Work to complete.
For this exercise, write out each entry below exactly, omitting the images.

Data entries
• • • •

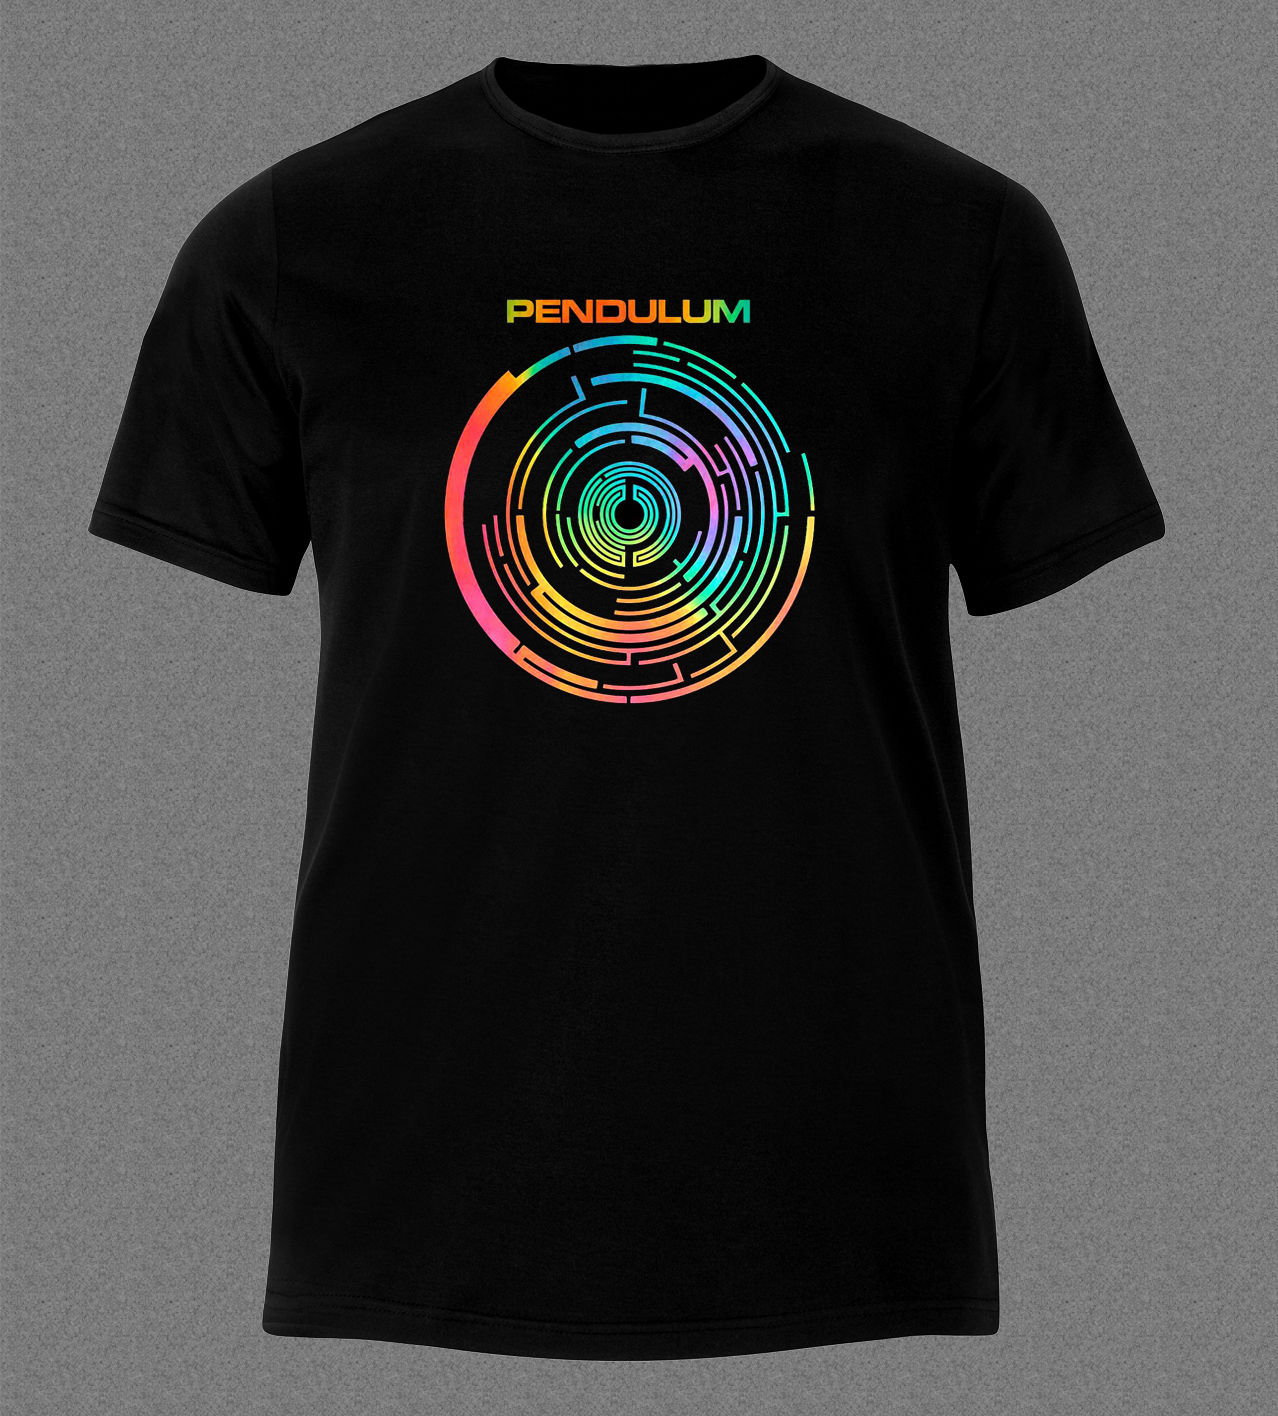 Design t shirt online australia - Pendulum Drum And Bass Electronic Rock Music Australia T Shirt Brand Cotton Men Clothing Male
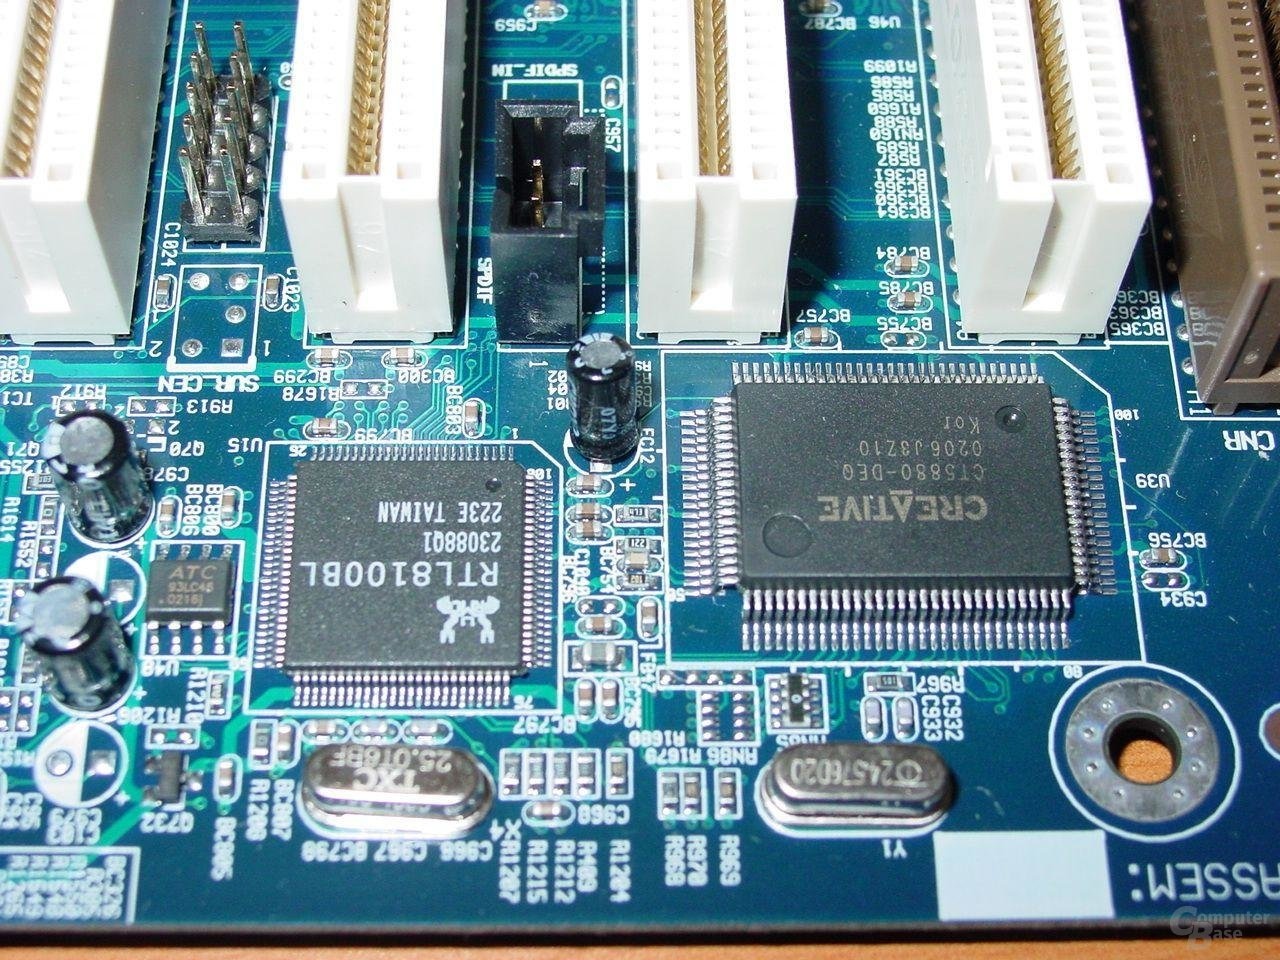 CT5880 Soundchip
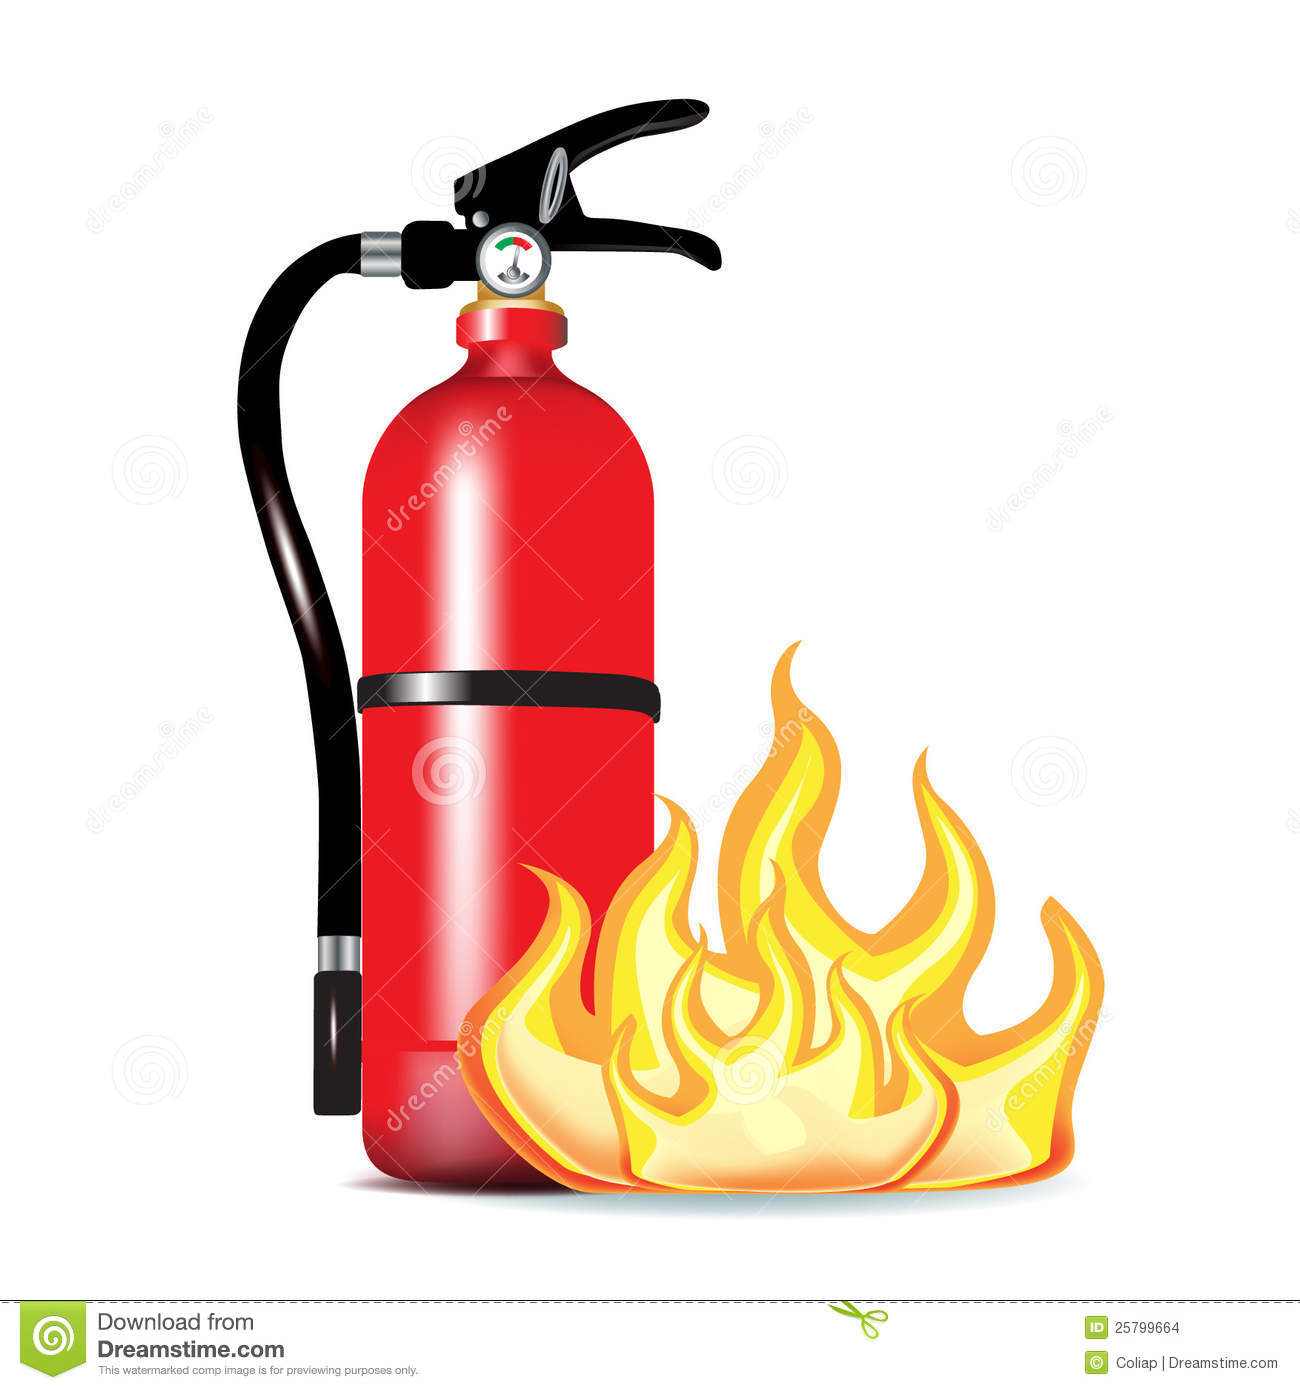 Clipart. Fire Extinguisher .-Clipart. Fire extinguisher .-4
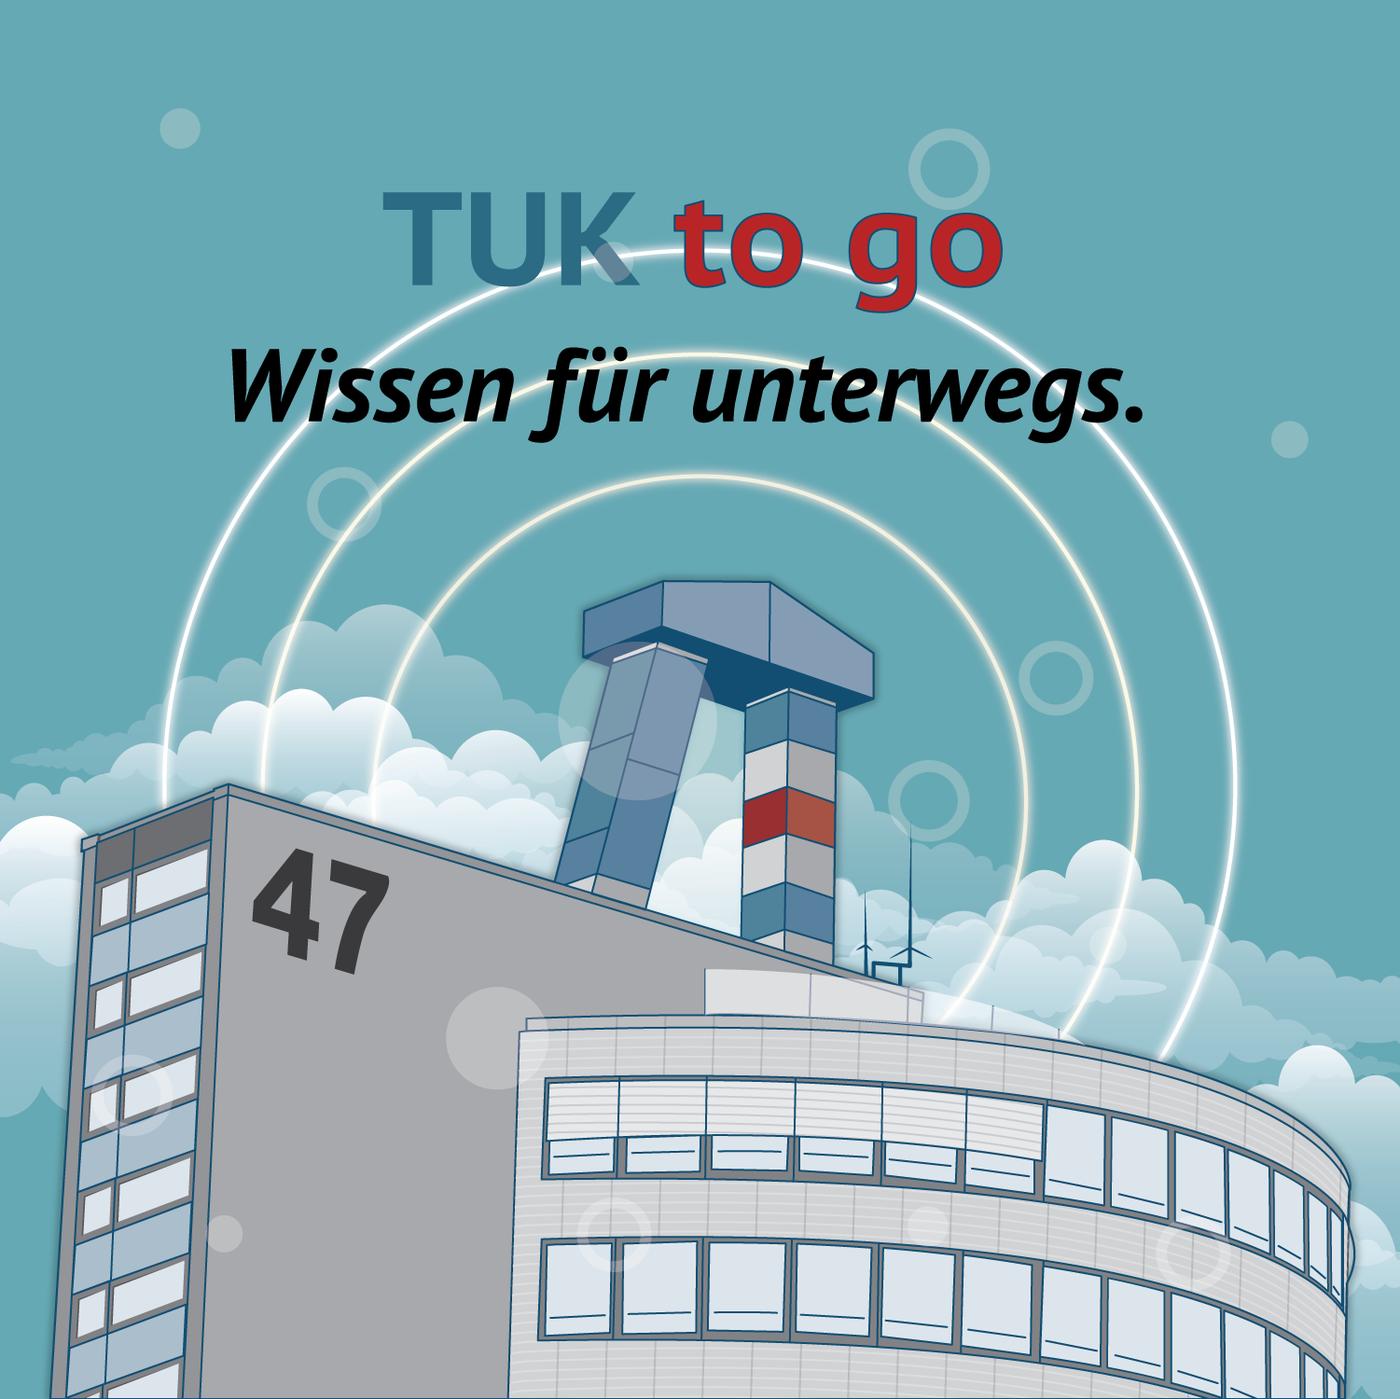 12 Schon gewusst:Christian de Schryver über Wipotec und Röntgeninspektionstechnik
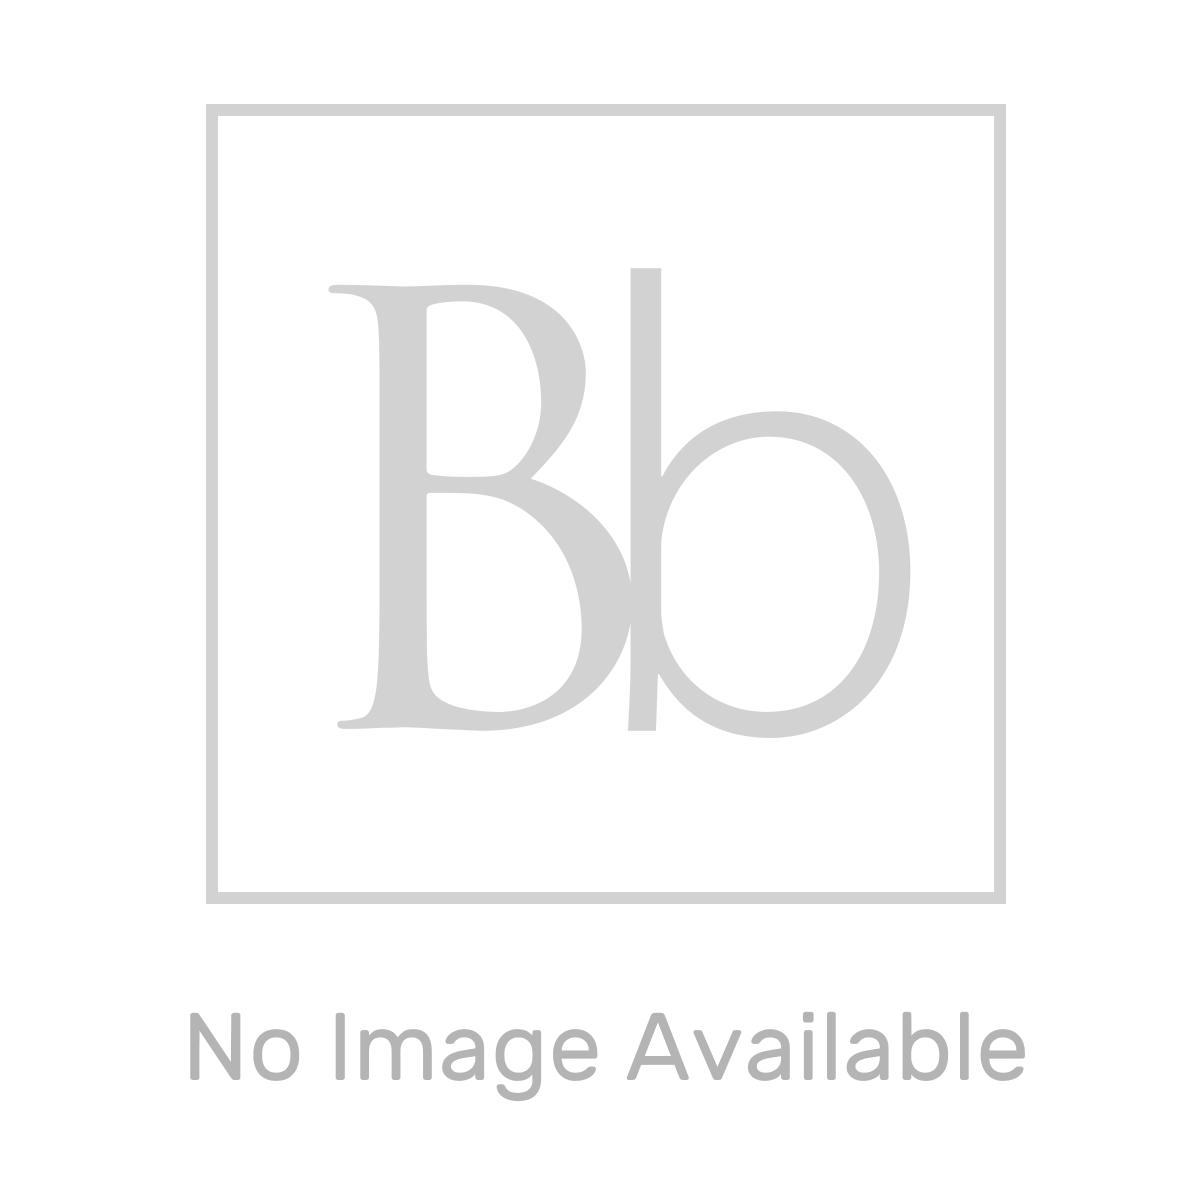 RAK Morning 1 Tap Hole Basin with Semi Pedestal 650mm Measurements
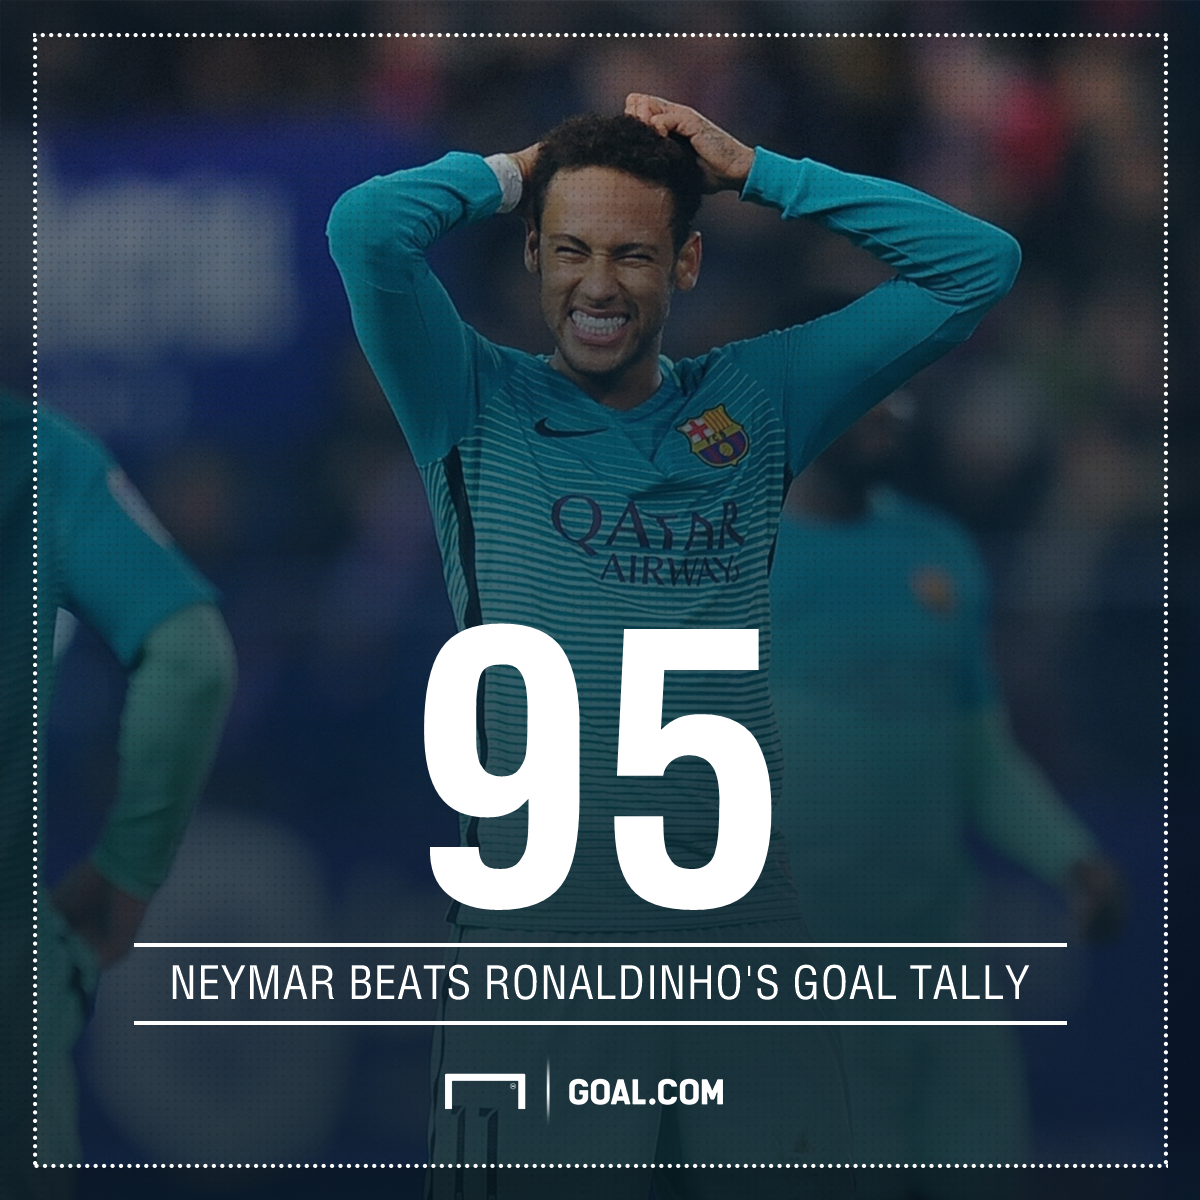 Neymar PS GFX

• • • •

Written solution.
 Design t shirt online australia - Pendulum Drum And Bass Electronic Rock Music Australia T Shirt Brand Cotton Men Clothing Male
 CT5880 Soundchip
 Clipart. Fire Extinguisher .-Clipart. Fire extinguisher .-4
 12 Schon gewusst:Christian de Schryver über Wipotec und Röntgeninspektionstechnik
 RAK Morning 1 Tap Hole Basin with Semi Pedestal 650mm Measurements
 Neymar PS GFX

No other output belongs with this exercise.